YOUR TASK
Could you copy every line of the data that contains "Stock"?

DATA FOR THE TASK
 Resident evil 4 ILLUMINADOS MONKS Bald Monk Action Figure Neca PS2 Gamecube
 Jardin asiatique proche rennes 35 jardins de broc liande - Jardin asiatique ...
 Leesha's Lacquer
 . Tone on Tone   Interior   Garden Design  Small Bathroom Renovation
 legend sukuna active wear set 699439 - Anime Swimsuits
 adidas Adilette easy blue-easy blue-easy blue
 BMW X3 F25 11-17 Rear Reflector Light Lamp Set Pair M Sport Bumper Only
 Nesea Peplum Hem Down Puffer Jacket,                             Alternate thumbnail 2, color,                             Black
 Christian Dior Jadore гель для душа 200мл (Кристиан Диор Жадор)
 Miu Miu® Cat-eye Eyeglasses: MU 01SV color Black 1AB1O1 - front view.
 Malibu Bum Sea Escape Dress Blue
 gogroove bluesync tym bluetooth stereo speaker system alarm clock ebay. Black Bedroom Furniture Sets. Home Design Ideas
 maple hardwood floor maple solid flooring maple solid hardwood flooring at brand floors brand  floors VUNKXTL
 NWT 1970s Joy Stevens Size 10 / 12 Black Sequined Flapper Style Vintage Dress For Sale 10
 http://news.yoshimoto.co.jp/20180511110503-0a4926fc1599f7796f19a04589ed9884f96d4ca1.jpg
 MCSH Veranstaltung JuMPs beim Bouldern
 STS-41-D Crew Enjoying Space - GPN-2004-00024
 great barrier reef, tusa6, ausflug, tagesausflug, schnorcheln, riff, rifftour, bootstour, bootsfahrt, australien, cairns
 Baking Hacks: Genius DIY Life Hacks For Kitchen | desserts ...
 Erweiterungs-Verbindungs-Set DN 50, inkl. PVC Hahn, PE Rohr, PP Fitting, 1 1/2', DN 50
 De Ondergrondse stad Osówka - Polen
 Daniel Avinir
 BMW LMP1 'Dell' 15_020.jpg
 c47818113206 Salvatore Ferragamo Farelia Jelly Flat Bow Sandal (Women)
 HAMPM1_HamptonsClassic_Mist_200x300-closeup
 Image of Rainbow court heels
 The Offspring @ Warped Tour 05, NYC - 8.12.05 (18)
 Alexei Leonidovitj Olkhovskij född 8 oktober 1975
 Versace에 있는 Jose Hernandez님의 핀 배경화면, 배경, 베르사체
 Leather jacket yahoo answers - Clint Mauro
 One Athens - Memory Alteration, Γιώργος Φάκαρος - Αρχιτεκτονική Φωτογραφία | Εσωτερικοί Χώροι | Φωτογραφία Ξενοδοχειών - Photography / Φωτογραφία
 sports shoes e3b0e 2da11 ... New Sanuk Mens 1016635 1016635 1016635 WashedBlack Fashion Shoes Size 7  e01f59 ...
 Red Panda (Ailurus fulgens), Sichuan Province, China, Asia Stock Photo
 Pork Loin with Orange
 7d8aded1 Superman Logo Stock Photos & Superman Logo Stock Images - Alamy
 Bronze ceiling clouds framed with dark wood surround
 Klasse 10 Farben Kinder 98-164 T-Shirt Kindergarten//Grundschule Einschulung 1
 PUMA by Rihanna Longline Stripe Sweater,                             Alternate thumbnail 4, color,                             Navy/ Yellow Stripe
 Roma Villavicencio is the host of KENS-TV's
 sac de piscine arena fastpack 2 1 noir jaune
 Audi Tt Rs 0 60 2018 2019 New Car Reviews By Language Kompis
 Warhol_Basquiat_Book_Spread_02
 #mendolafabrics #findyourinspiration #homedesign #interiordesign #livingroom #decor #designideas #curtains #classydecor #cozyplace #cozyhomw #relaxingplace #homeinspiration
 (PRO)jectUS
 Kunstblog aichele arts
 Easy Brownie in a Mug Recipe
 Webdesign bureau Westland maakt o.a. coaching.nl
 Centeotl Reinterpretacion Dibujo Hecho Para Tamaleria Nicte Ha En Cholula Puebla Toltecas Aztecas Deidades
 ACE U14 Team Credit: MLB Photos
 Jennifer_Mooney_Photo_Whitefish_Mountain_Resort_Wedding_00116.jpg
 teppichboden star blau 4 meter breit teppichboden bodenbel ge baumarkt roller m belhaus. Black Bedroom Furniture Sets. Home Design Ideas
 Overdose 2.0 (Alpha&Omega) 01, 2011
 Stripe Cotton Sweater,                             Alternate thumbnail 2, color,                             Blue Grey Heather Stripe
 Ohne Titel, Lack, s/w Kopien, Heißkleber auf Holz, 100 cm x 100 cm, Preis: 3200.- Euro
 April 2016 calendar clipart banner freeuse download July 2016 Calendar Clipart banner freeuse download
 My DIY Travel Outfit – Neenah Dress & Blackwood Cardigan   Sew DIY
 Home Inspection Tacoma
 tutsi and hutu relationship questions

ANSWER FOR THE TASK
 Red Panda (Ailurus fulgens), Sichuan Province, China, Asia Stock Photo
 7d8aded1 Superman Logo Stock Photos & Superman Logo Stock Images - Alamy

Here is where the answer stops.